===== Information =====

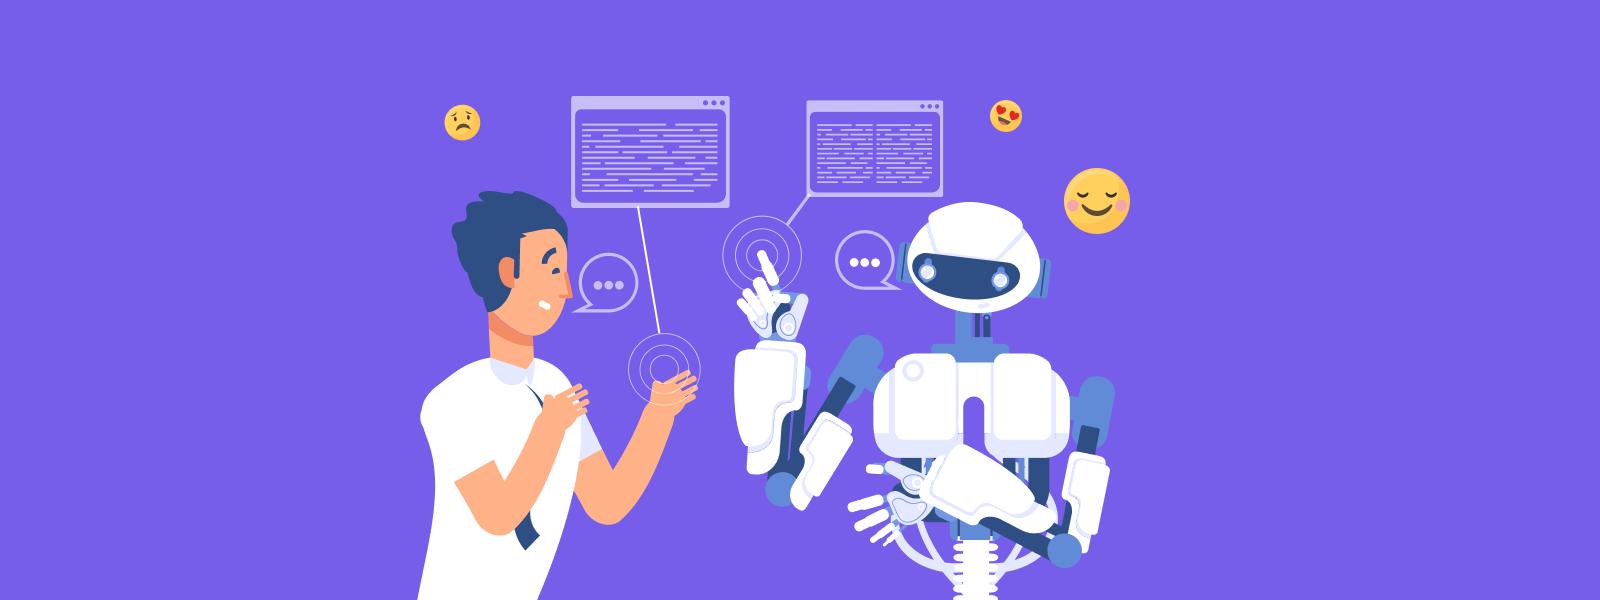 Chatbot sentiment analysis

=====
===== Information =====

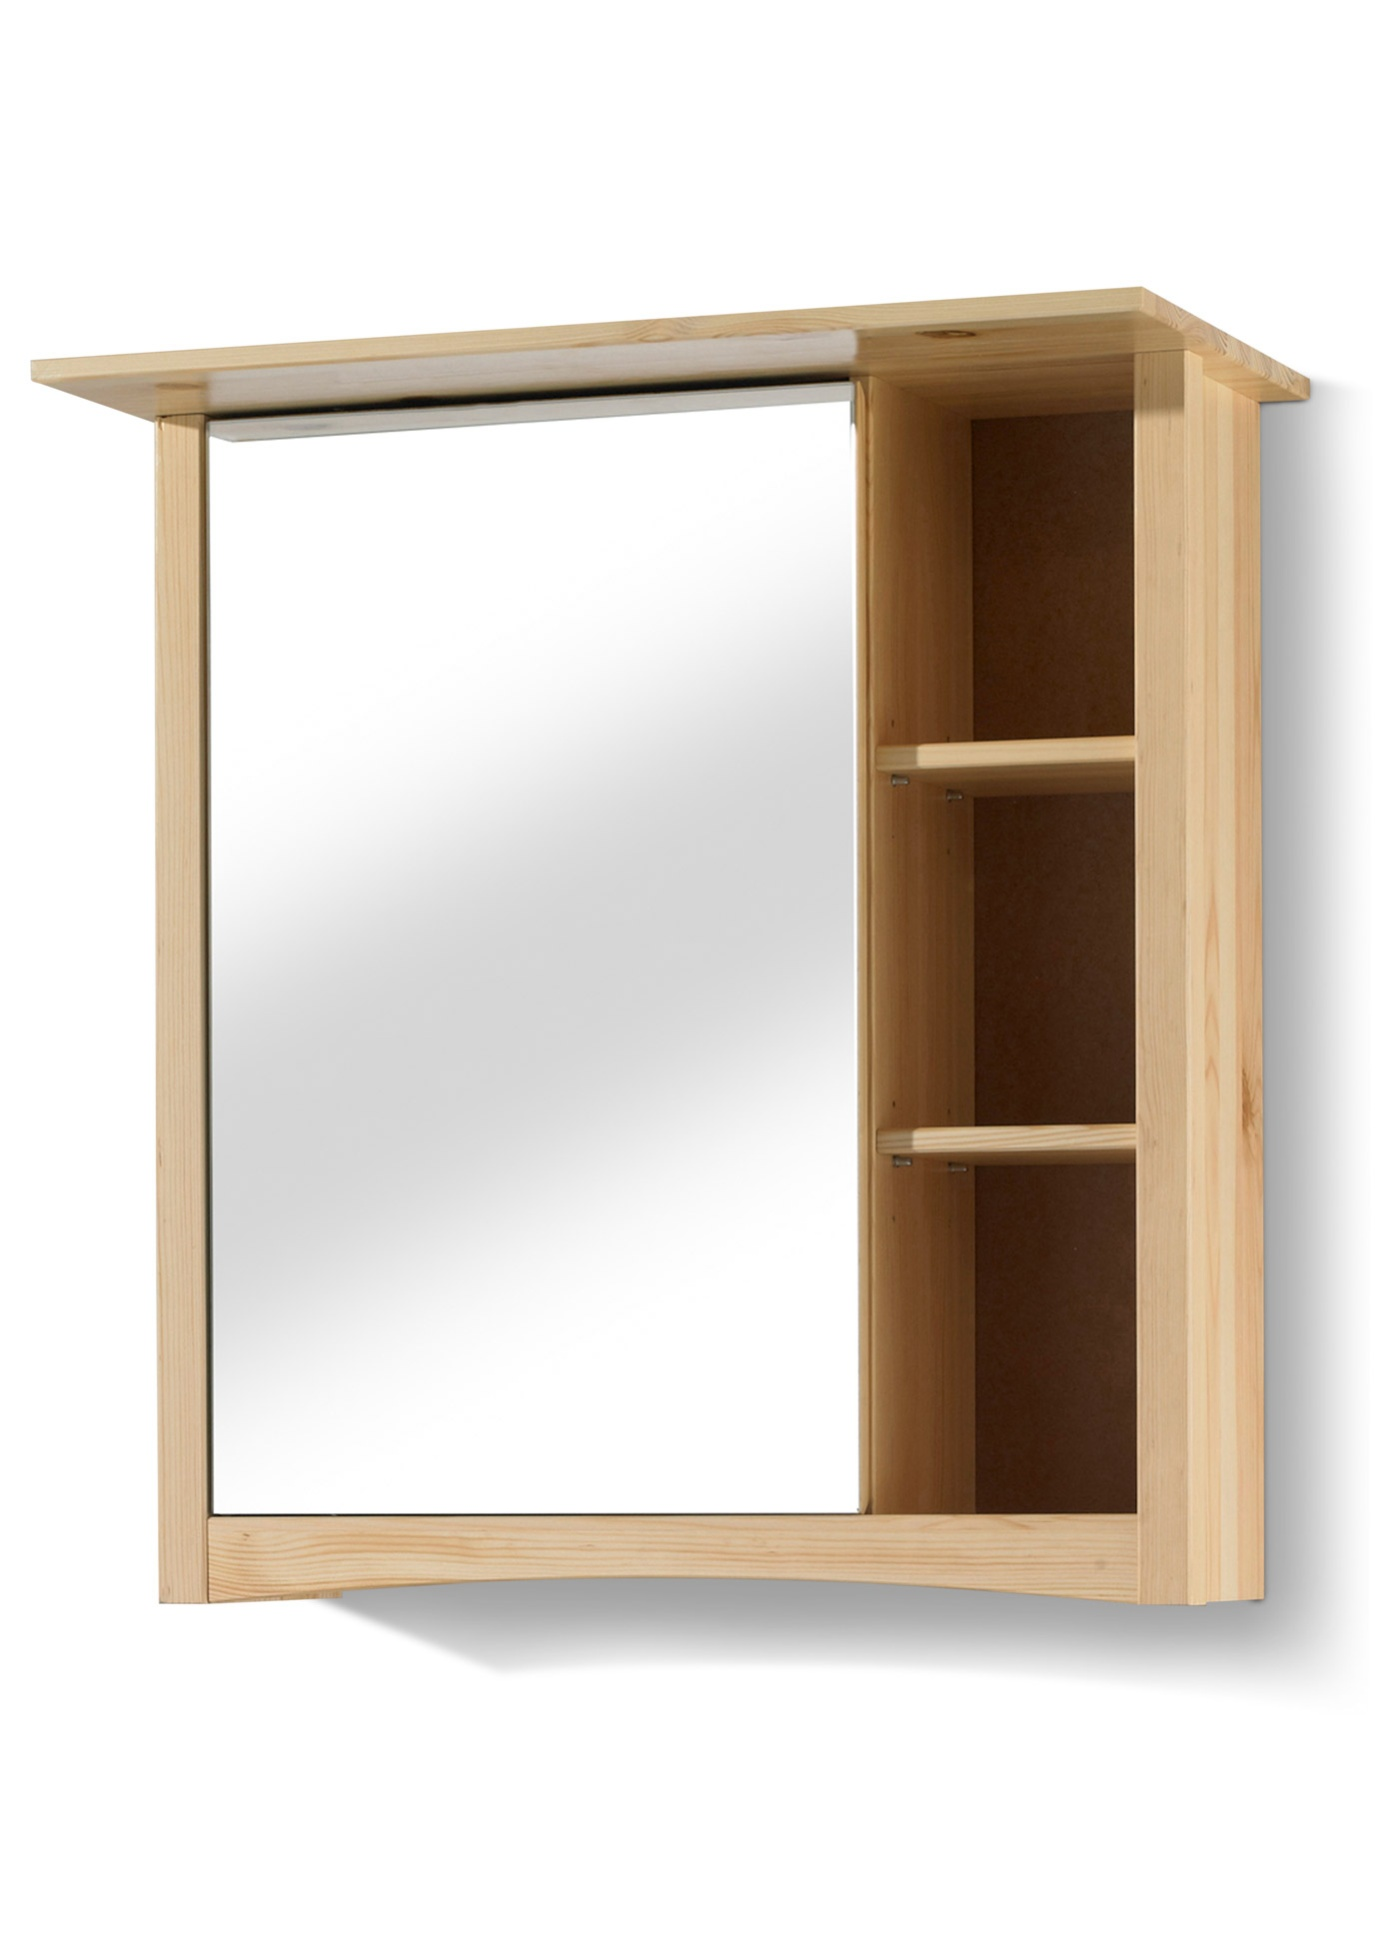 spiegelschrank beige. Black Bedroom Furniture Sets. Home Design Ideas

=====
===== Information =====

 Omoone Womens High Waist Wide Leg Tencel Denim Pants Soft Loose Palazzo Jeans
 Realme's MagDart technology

=====

▶ **What is expected**
Give back, unchanged, the run of lines in the listing above that begins at the line containing "Omoone Womens High" and ends at the line containing "Realme's MagDart technology", both included.

▶ **Solution to this problem**
 Omoone Womens High Waist Wide Leg Tencel Denim Pants Soft Loose Palazzo Jeans
 Realme's MagDart technology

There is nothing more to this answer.